# Farm Dawg



## mybuddy (Mar 2, 2007)

Holy cow!

What a beautiful face! smooooooooch!


----------



## Oaklys Dad (Dec 28, 2005)

That is a very very handsome farm hand you have there. What a great face on that boy.


----------



## Pointgold (Jun 6, 2007)

mybuddy said:


> Holy cow!
> 
> What a beautiful face! smooooooooch!


Thanks. He is the male version of his mother, for sure.


----------



## mybuddy (Mar 2, 2007)

Can you post a pic of his mommy?


----------



## hotel4dogs (Sep 29, 2008)

he is sooo regal looking. What a dog!


----------



## Pointgold (Jun 6, 2007)

hotel4dogs said:


> he is sooo regal looking. What a dog!


HA! He's loving being ungroomed and just running in the meadow and _digging _(grr...) in the dog yard - gotta bury the ball, ya know... :doh:


----------



## nellie'smom (Dec 27, 2007)

Thats a great picture. He is very handsome!


----------



## Bogey's Mom (Dec 23, 2008)

PG, he is awesome looking!!! I don't think I've seen a Crew picture before. Why do you say he is home? Has he been out at shows?


----------



## Pointgold (Jun 6, 2007)

Bogey's Mom said:


> PG, he is awesome looking!!! I don't think I've seen a Crew picture before. Why do you say he is home? Has he been out at shows?


Thank you. He's such a good boy. He was out with Cortney Corral. He came home Champion Nitelite's Who's On Deck?


----------



## Fidele (Sep 17, 2008)

He's BEAUTIFUL!!!


----------



## Bogey's Mom (Dec 23, 2008)

Yay!!!!!! I just saw on k9data that he's a Valentine's baby!!! If you get sick of him, just send him my way. He looks like a real pain, and I'm sure you don't need him around.


----------



## AtticusJordie (Aug 15, 2006)

Wow--with a mug like that, he should be gracing the cover of "GR Farm Hand Monthly". 

Great photo--and a great subject to be sure!

SJ


----------



## Penny & Maggie's Mom (Oct 4, 2007)

I KNEW I wanted a farm!!! lol He is stunning Laura, and I'm sure you're thrilled to have him home.


----------



## cham (Feb 21, 2008)

Pointgold said:


> Thank you. He's such a good boy. He was out with Cortney Corral. He came home Champion Nitelite's Who's On Deck?


 
Whats next for CH Crew? a nice relaxing vacation before going back out? Or is he as CH'ed as much as he can be, and now can look forward to lots and lots of girlfriends? LOL He is his mothers son isnt he! How is Maybe doing? Is she going out on the circuit?


----------



## cubbysan (Mar 13, 2007)

I just want to hug him!


----------



## ardita (Jul 14, 2009)

oh wow, he is very very handsome !


----------



## moverking (Feb 26, 2007)

Oh, so he's a _Champion_ Farm Dawg, lol.
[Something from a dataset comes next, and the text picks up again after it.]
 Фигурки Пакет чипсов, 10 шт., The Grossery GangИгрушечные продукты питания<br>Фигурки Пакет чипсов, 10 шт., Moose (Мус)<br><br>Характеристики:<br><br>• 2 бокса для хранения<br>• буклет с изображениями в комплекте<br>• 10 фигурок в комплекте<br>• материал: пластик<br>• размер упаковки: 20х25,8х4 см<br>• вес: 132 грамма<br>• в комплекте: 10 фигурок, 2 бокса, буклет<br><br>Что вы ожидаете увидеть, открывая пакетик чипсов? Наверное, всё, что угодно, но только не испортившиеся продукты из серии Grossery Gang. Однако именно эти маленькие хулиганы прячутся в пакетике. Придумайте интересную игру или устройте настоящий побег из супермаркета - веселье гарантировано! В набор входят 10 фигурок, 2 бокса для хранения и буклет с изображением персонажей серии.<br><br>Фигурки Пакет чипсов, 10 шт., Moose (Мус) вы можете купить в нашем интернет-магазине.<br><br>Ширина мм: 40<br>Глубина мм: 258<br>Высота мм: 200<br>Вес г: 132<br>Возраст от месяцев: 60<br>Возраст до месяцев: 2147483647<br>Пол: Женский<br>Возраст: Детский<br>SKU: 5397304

Boy he looks happy


----------



## beargroomer (Jan 2, 2008)

I know I've said this before, but your dogs are sooooo gorgeous. Crew looks handsome, smart, princely, and kind, too.  What was he looking at when you took this pic?


----------



## Pointgold (Jun 6, 2007)

beargroomer said:


> I know I've said this before, but your dogs are sooooo gorgeous. Crew looks handsome, smart, princely, and kind, too.  What was he looking at when you took this pic?


 
Thank you very much. He was actually looking at me. My son Paul took the photo.
He is a sweet dog, all of Zoom's kids have had lovely soft temperaments.


----------



## DNL2448 (Feb 13, 2009)

I agree with everyone who posted before me, he is awesome! Congratulations! I have a farm, got any more of those hands?


----------



## Finn's Fan (Dec 22, 2007)

PG, Crew is my ideal golden! His head is perfect Does he love being a farm hand or would he rather take up hiking in Colorado? We can provide some wildlife excitement if he likes that sort of adventure


----------



## tippykayak (Oct 27, 2008)

What a pretty guy!


----------



## Pointgold (Jun 6, 2007)

Finn's Fan said:


> PG, Crew is my ideal golden! His head is perfect Does he love being a farm hand or would he rather take up hiking in Colorado? We can provide some wildlife excitement if he likes that sort of adventure


Crew has VERY strict criteria regarding what he does and who he does it with. They are as follows:
A. The person must breathe air. 
B. The activity must occur on earth.

He's just happy. Watching him we hear the music that always played when Snoopy was dancing.


----------



## MillysMom (Nov 5, 2008)

He is so handsome! I also love the shade of red on the building behind him! It looks like the farming life is treating him very well! And besides, who needs championships when you can dig in the dog yard and set a bad example for your doggie siblings???


----------



## Retrieverlover (Feb 8, 2010)

Pointgold said:


> Thanks. He is the male version of his mother, for sure.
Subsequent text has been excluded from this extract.